I'm going to talk about transparency,
transparency in general,
which could be transparency in philosophy,
in politics, or in technology.
Transparency leads
to a certain serendipity.
A distinctive serendipity.
This serendipity is a weapon that can be
used practically anywhere on the Internet.
It will destroy many
of the brands all around us,
and it will destroy these brands,
as it attacks our imagination,
because our imagination is the land
of the brands around us.
I'm going to do a demonstration.
Let's take an imaginary:
Vermeer, a 17th century Baroque painter
we're all familiar with,
and there we have a brand
that we're also familiar with.
A very old one that is 41 years old.
It has been with us for four decades.
And now I'll show you how,
with a little imagination,
we can destroy a brand.
In reality, this is nothing else
but a food-processing giant
that produces yogurt in a factory.
That has nothing to do with art,
let alone with Vermeer.
What I just did,
and what will definitively make you wonder
every time you see a "La Laitière" ad,
was a little thing many Internet users
already know about:
every day on the Internet,
these unexpected messages are hammered
into you in a serendipitous way
so as to destroy brands.
This summer, you probably didn't miss
that reminder that all brands
have a political dimension.
And don't listen to politicians
that will tell you
that it's the fault of the Internet
or of social media.
Politicians are the first to use
transparency to solve a critical problem:
confidence.
When an intense crisis of confidence hit
the French political world,
the first thing they did
was to pass a law on transparency.
It didn't really work, but politicians
forgot the dimension of transparency
which is that transparency comes from
technological determinism.
Transparency can also be used
by technology experts
as a political response.
You're familiar with Wiki-leaks,
and it didn't escape you
that because of the Wiki-leaks affair,
we no longer count on policy
coming from transparency to impose
a reality and to destroy a lie.
And it also didn't escape you
that Wiki-leaks means
lots of internet users.
These internet users
are called Anonymous.
Anonymous is utterly fascinating
because it's the first real
social movement of the 21st century.
It's a movement distinctive
to the 21st century
in the same way syndicalism
was distinctive to the 19th century,
in the same way syndicalism was
distinctive to the Industrial Revolution,
Anonymous is distinctive
to the digital revolution;
And following the Wiki-leaks affair,
the Anonymous were part
of all the big social protest movements,
in the Arab world, here in France,
the United States, Berlin,
in Paris, China, Istanbul,
or South America,
Anonymous was in all the major events
that touched populations,
until recently, in France.
Anonymous is really interesting
because it heralds the social debates
of the 21st century.
And these debates
will oppose states, as we've seen,
but also businesses,
since Anonymous is already opposed
to a plethora of businesses.
Here is one of the most well known cases.
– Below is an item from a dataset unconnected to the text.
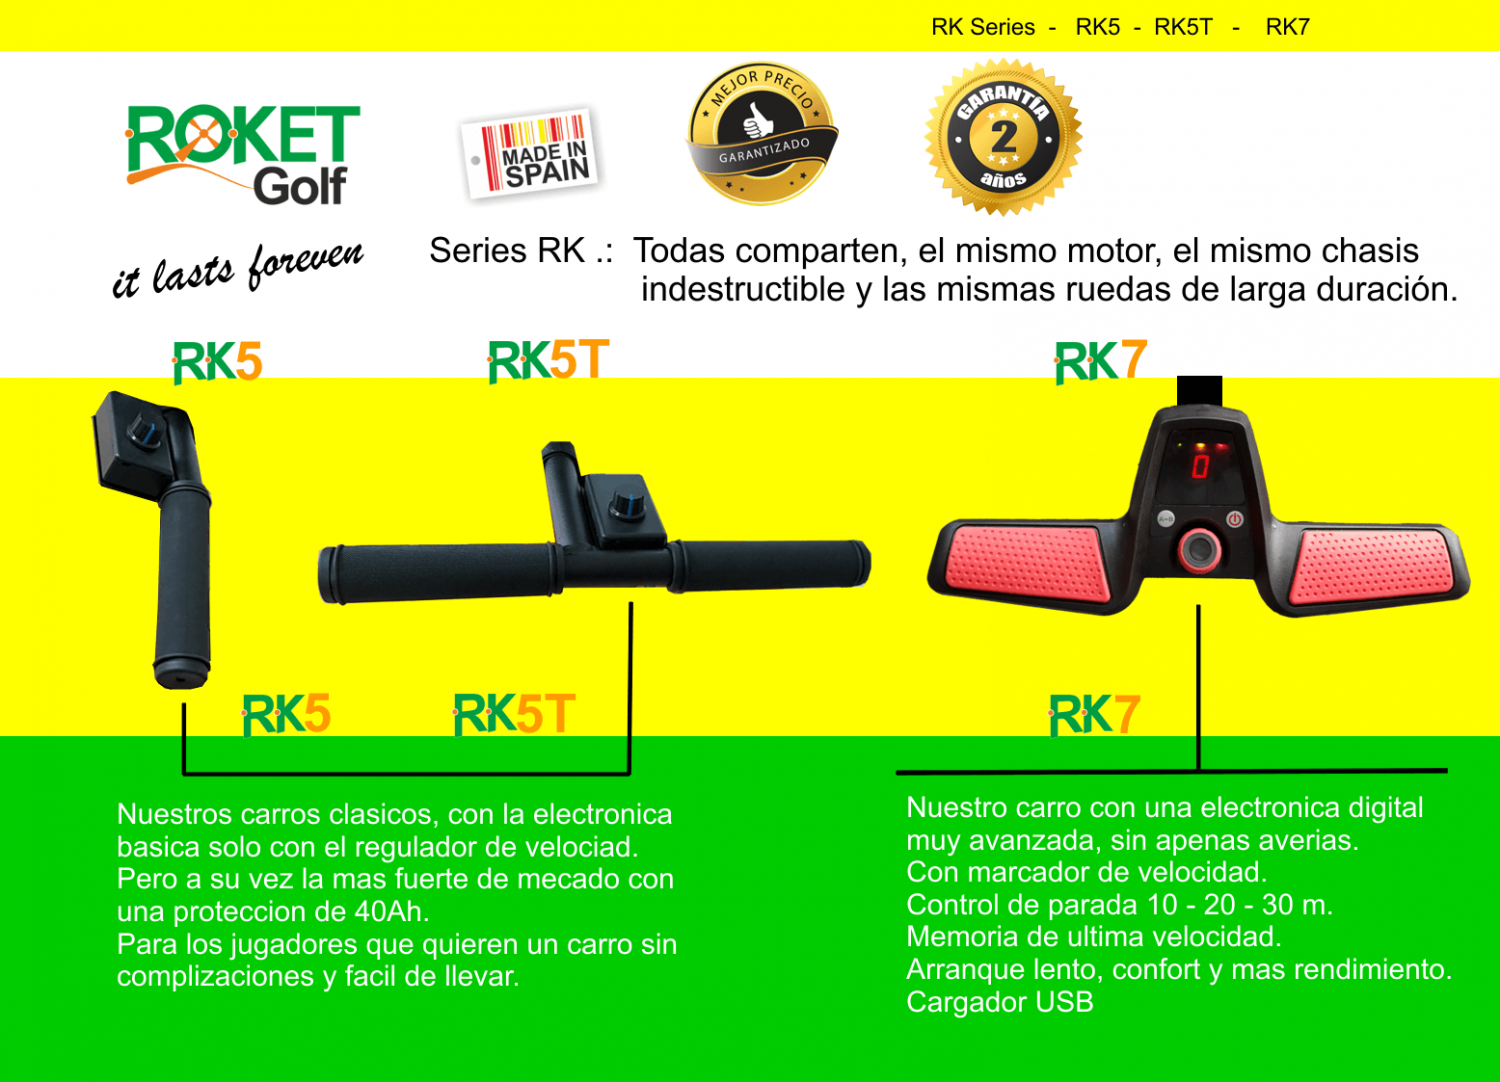 Carro de golf eléctrico ROKET RK5 con batería de Litio

Four years before Sony was attacked
by Kim Jong-un and his formidable pirates
(Laughter)
four years before this sad episode
that is easily worth as much as
Saddam Hussein and anthrax combined,
Sony was attacked
by different kinds of enemies,
in what was known as a digital Fukushima.
Sony was attacked by Anonymous,
helped by another
group of hackers, called LulzSec.
And LulzSec followed
a very simple procedure:
they took what used to be, at the time,
Sony's confidential information,
such as credit card numbers,
user names, and passwords,
and they made them public,
allowing endless pirating to happen.
Users on PlayStation Network are like you.
They always use
the same user name and password.
Once I have your user name and password,
I can access anything: the Amazon account,
your Paypal, your company's intranet.
And if you work for the CIA,
this is a serious problem.
This had dramatic consequences for Sony.
Here we see Sony's share price
over a three-month period.
First off we have Fukushima
- this took its toll on their share price-
secondly, there was Anonymous.
Thirdly, the arrival
of the infamous hacker group LulzSec
who in a manner of speaking
instrumentalized Anonymous and the masses.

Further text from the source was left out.